Transforming AI with Hugging Face Models

A deep dive into innovation and excellence

4 min readAug 6, 2024

Imagine harnessing the power of some of the most advanced AI models at your fingertips, ready to tackle complex language tasks with remarkable precision. Hugging Face Models delivers this promise, offering a rich repository of state-of-the-art pre-trained models that have transformed the landscape of natural language processing. From generating human-like text to performing intricate language translations. Hugging Face Models provides the tools that drive innovation and enable ground breaking applications in AI. Dive into a world where cutting-edge technology meets ease of use, revolutionizing how we interact with and leverage artificial intelligence.

Table of Content

Model
Environment Setup
Training

Model

There are over 150K models on Hugging Face for many machine learning
tasks.
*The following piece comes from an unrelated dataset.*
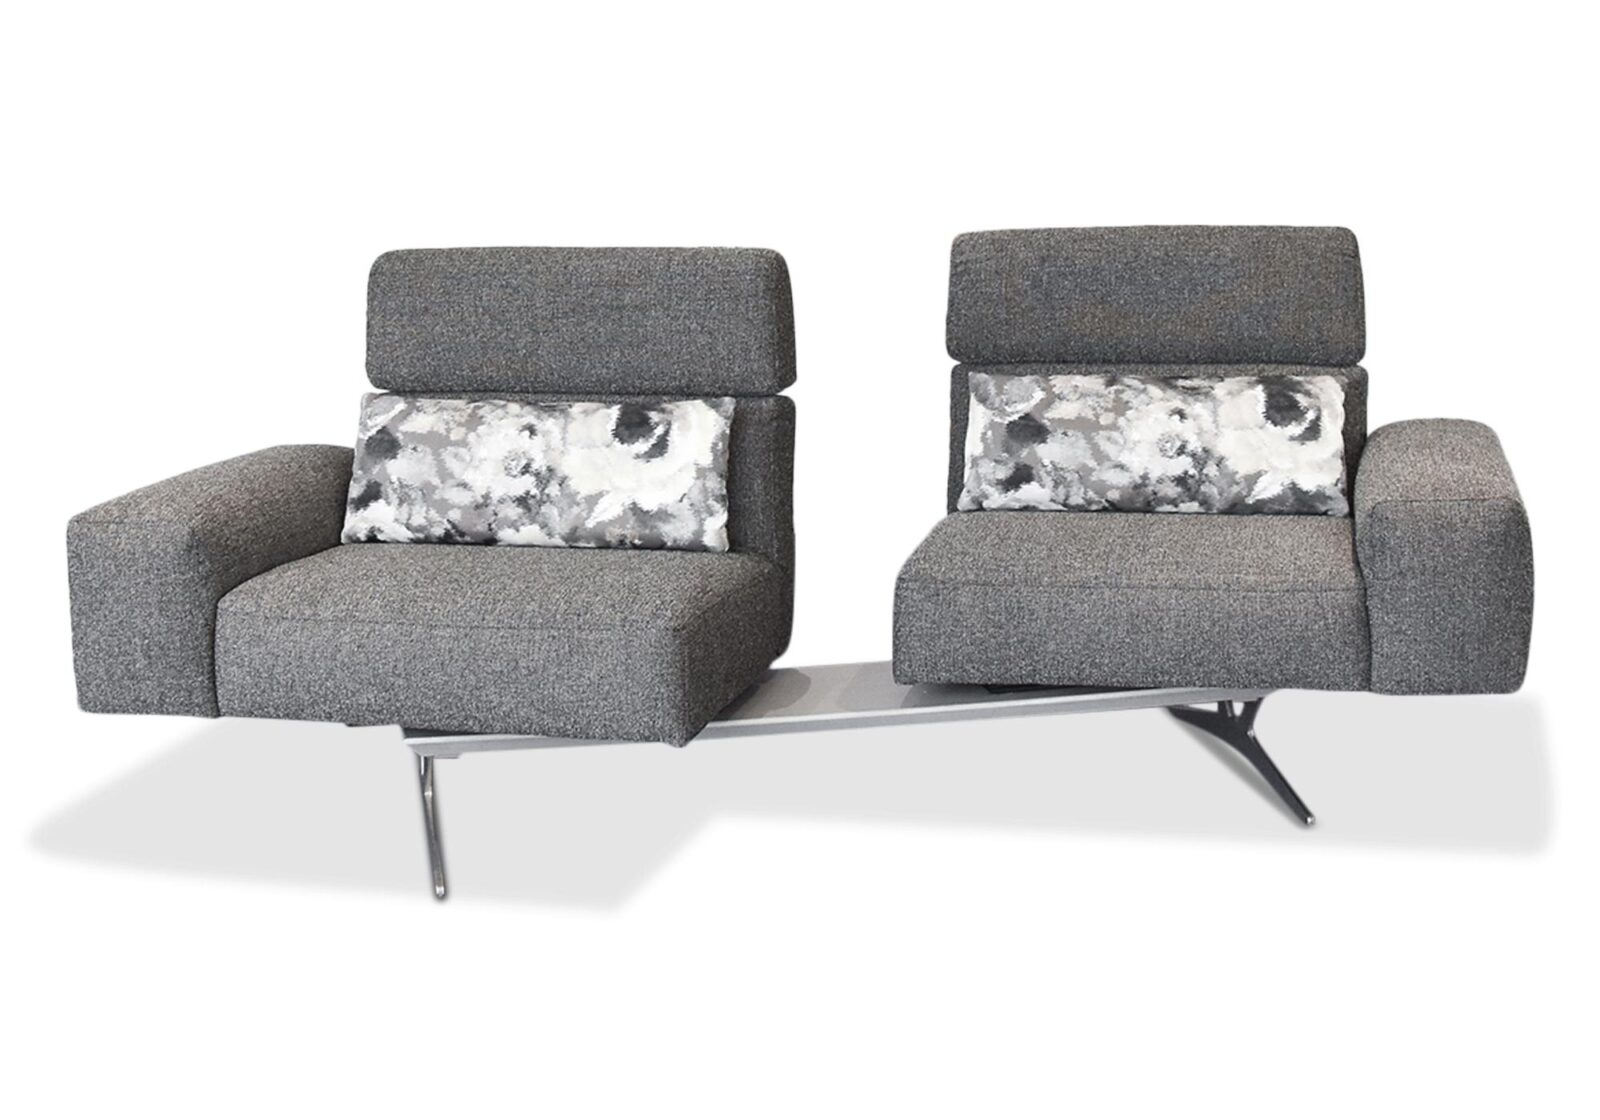 2.5er Sofa Monroe mit Drehstopp. Bezug: Stoff. Farbe: Grau. Erhältlich bei Möbel Gallati.

In the earlier example, we discussed the sentiment analysis on IMDB

dataset using the pre-trained transformer model.
In this section, we will focus on the fine-tuning of the stable diffusion based
implementation of Dreambooth. Dreambooth is a text-to-image diffusion
model that generates images based on the text input provided. Typically, a

text-to-image model can generate an image based on a prompt like man
climbing Mount Everest. However, if you want the model to generate an
image of you climbing Mount Everest, Dreambooth can be used to fine-tune the model with a few images of yourself. Once the model is fine-tuned, it

can generate any image that includes you doing something. This makes
Dreambooth an effective tool for subject driven image generation.

Environment Setup

Please activate your Conda environment and enter this command
in the terminal. Follow the prompts and input the necessary parameters
accordingly.

accelerate config

The accelerate config command is typically used to set up the default

parameters for the Accelerate library, such as the precision mode for
example mixed precision or full precision, the gradient accumulation
settings and other related parameters. This command must be run before any

other code is executed in the PyTorch script to ensure the Accelerate library
is configured correctly.

Training

Make sure to download train_dreambooth.py from the GitHub and place it
on your computer.

https://github.com/huggingface/diffusers/tree/main/examples/dreambooth. Please run this command on your Terminal. This will start
training the Dreambooth model.

export MODEL_NAME="CompVis/stable-diffusion-v1-4"
export
INSTANCE_DIR="provide your file path here"
export
OUTPUT_DIR="provide your file path here"

accelerate launch train_dreambooth.py \

–pretrained_model_name_or_path=$MODEL_NAME \
 –instance_data_dir=$INSTANCE_DIR \

 –output_dir=$OUTPUT_DIR \

 –instance_prompt="a photo of sks boy" \

 –resolution=512 \

 –train_batch_size=1 \

 –gradient_accumulation_steps=1 \

 –learning_rate=5e-6 \

 –lr_scheduler="constant" \

 –lr_warmup_steps=0 \

 –max_train_steps=1000

To provide a better understanding of the parameter mentioned above, let us
explore its meaning in detail. To fine-tune the Dreambooth model, we need

to export three variables in the command line interface,
The first variable is MODEL_NAME, which specifies the name of the base model.
In this case, we are using the stable diffusion model.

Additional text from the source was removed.